(DATA EXTRACT)
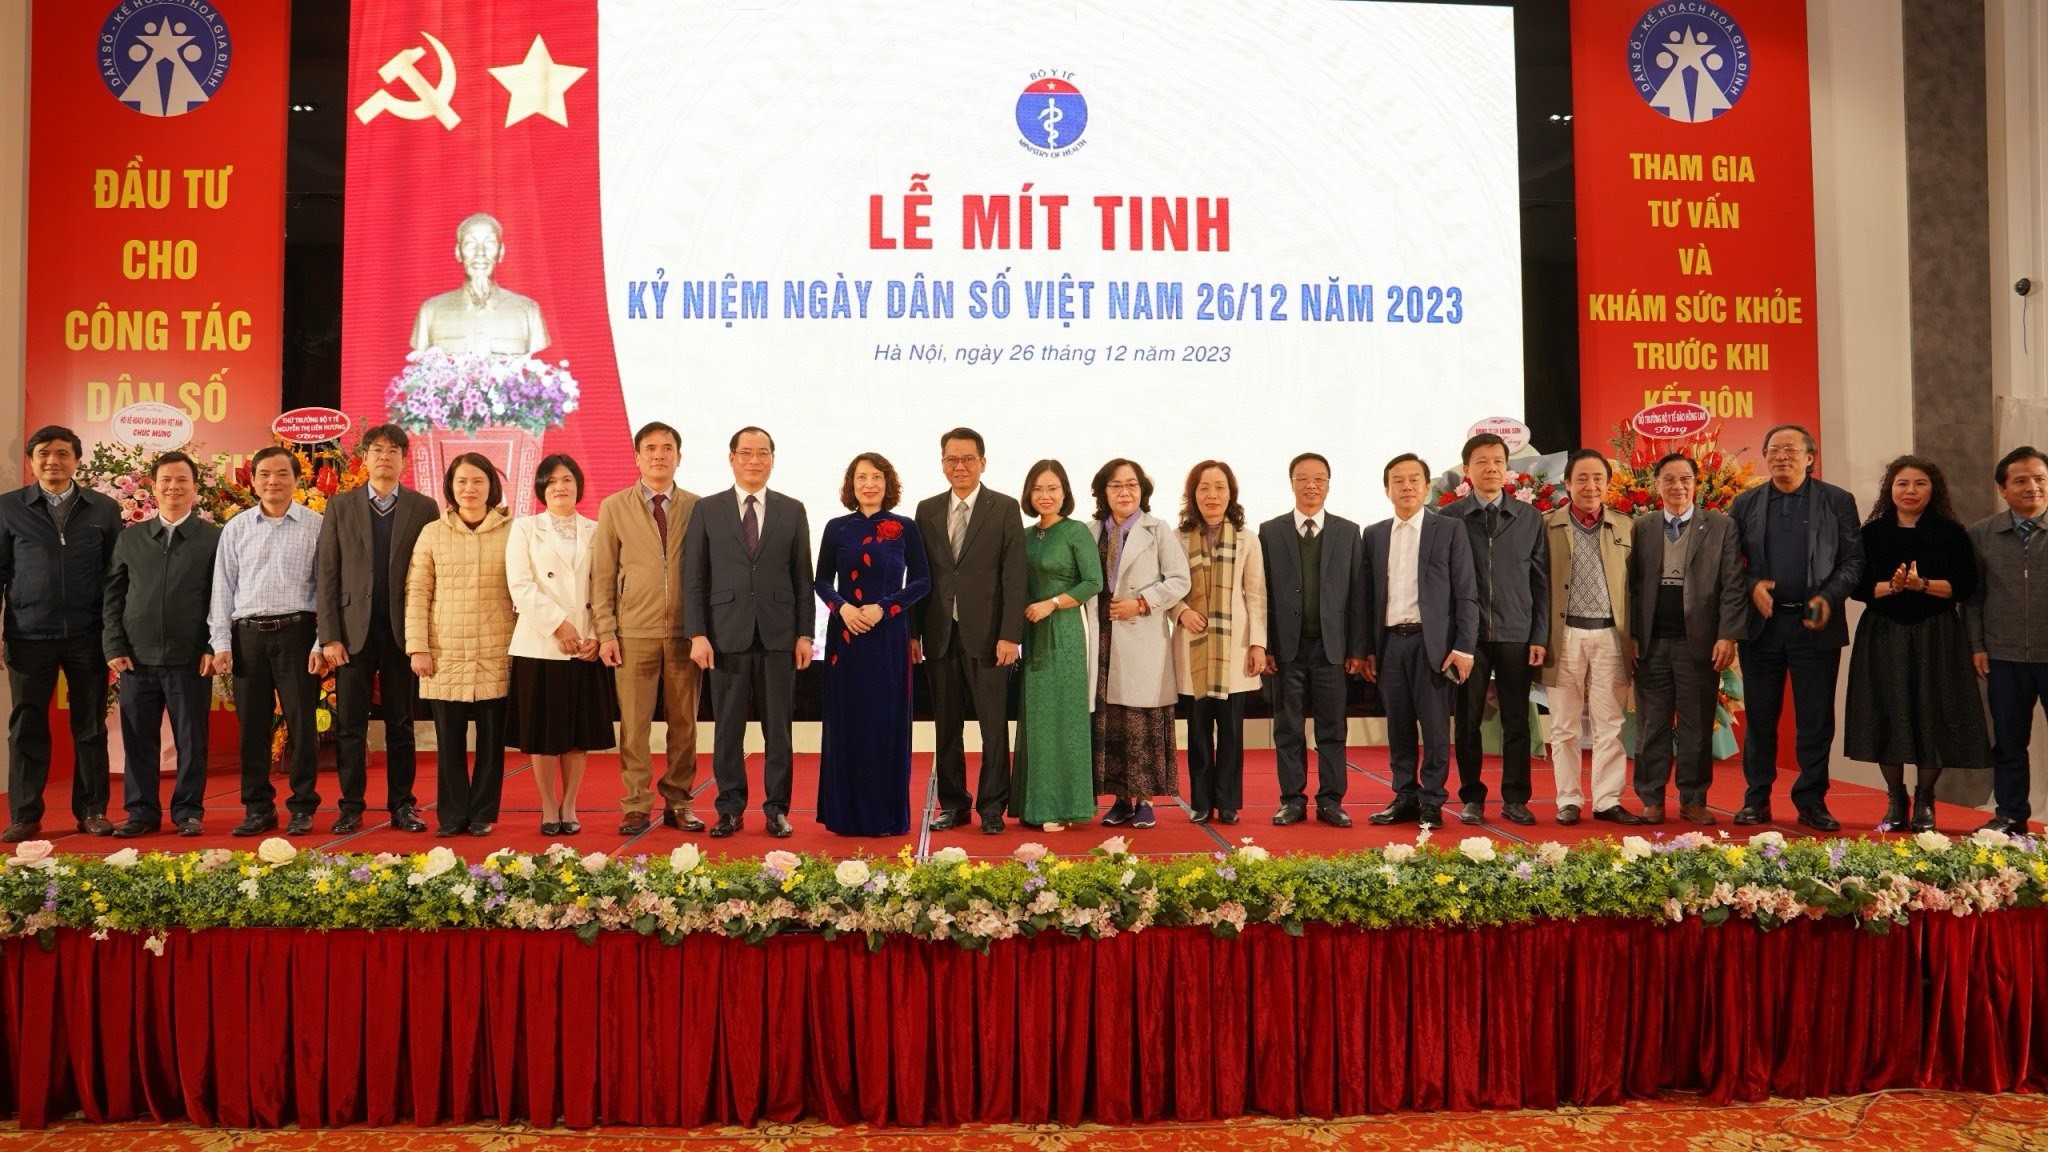 Mít tinh kỷ niệm Ngày Dân số Việt Nam và Tổng kết công tác dân số năm 2023, triển khai kế hoạch năm 2024
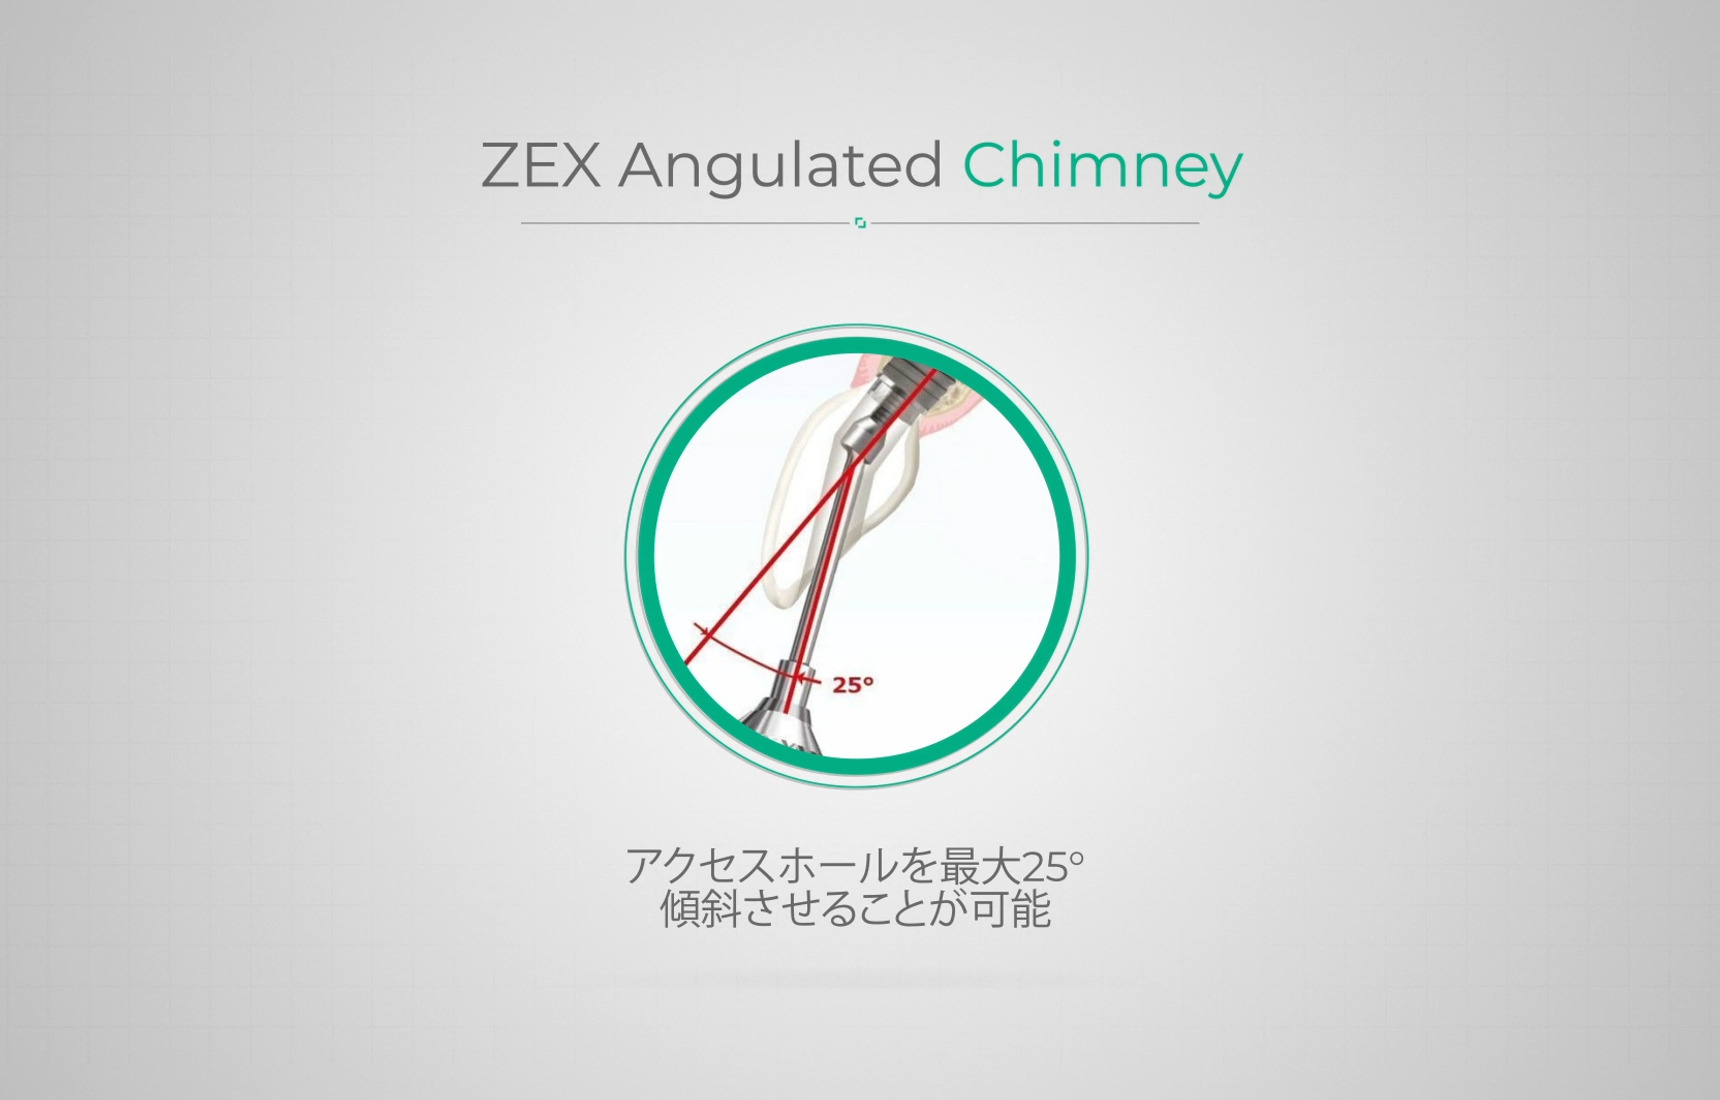 ZAC（ZEX Angulated Chimney）
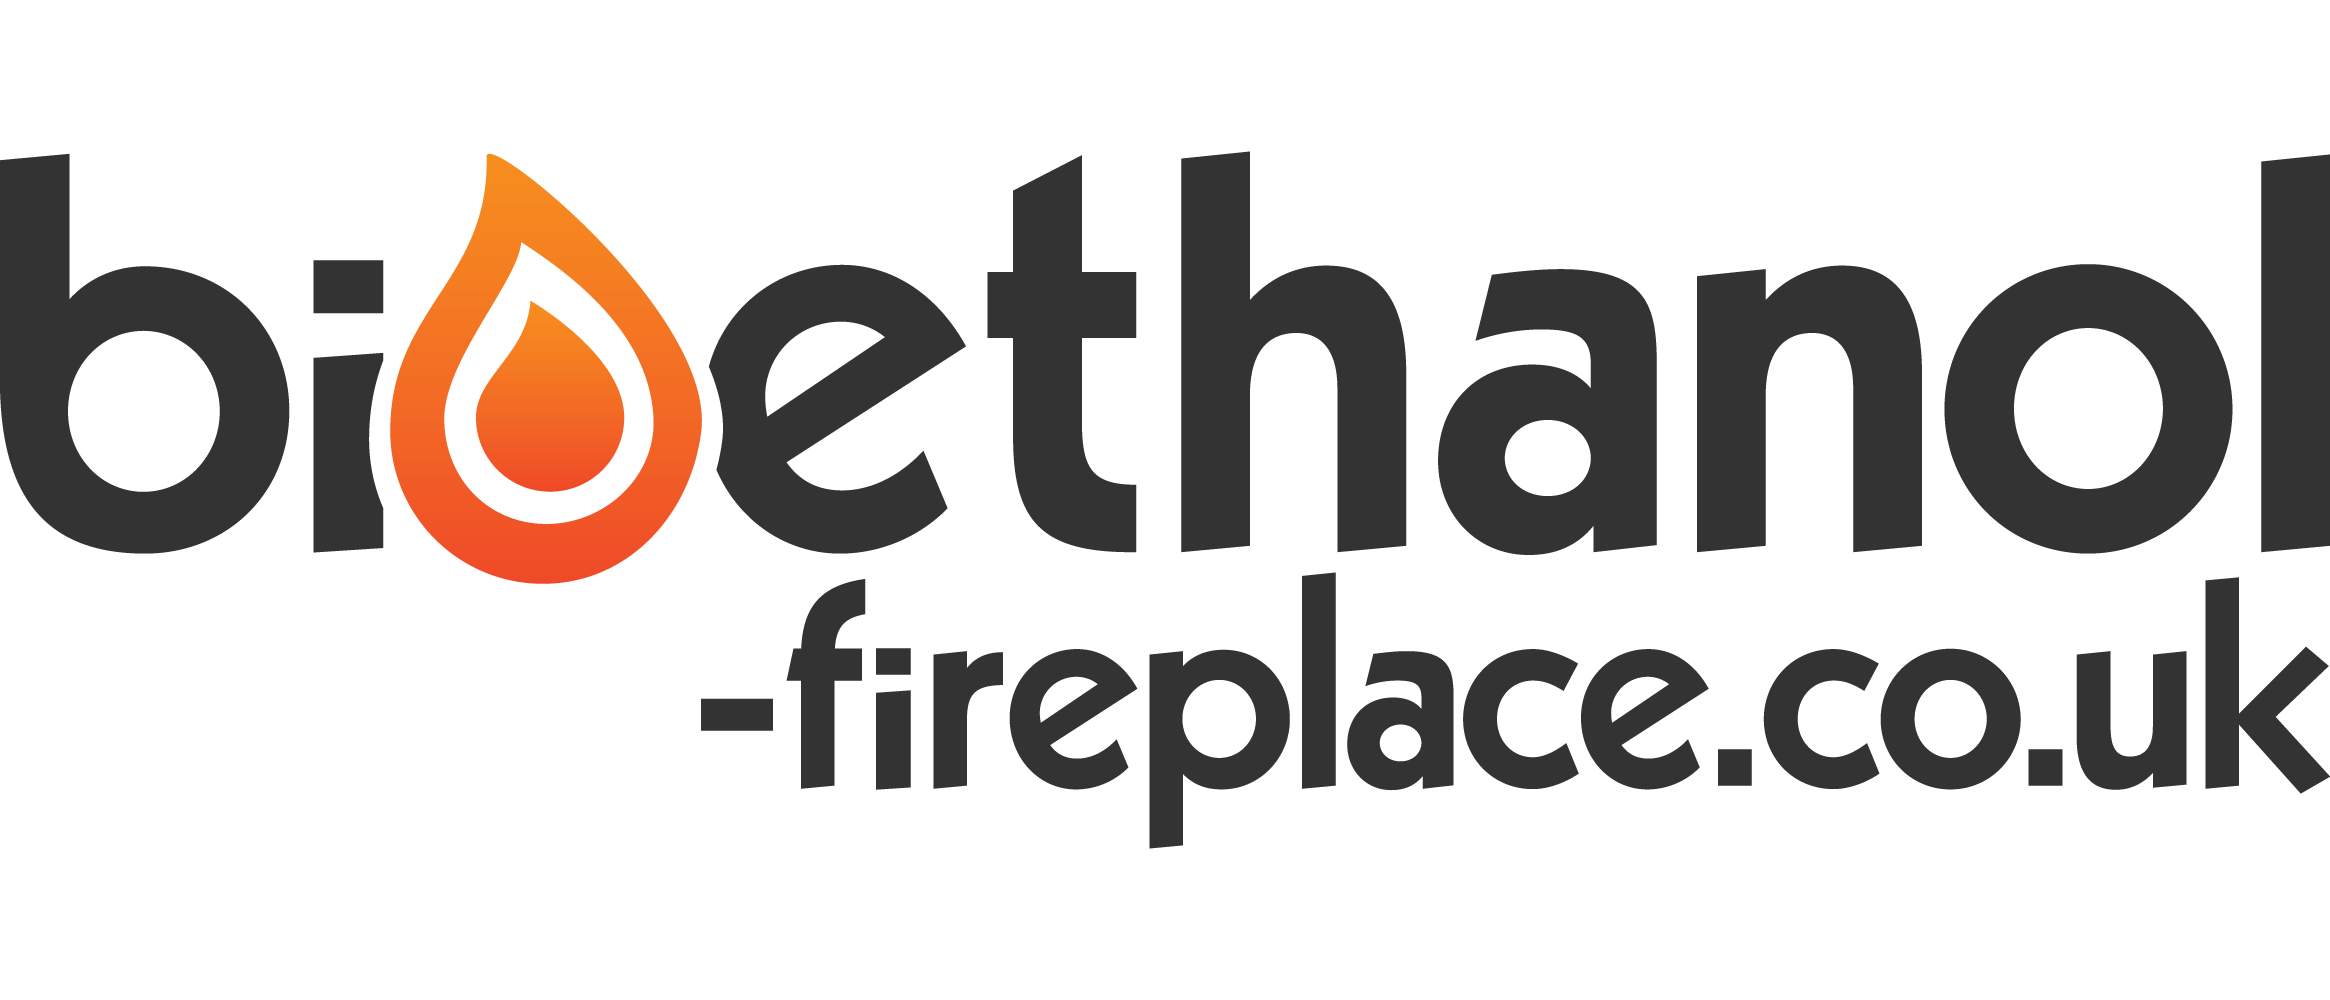 Bioethanol-fireplace.co.uk
(End DATA EXTRACT)
-- WHAT THE TASK REQUIRES --
In your copy of the data above, leave out the pictures and repeat everything else exactly.

-- RESULT OF THE TASK --
 Mít tinh kỷ niệm Ngày Dân số Việt Nam và Tổng kết công tác dân số năm 2023, triển khai kế hoạch năm 2024
 ZAC（ZEX Angulated Chimney）
 Bioethanol-fireplace.co.uk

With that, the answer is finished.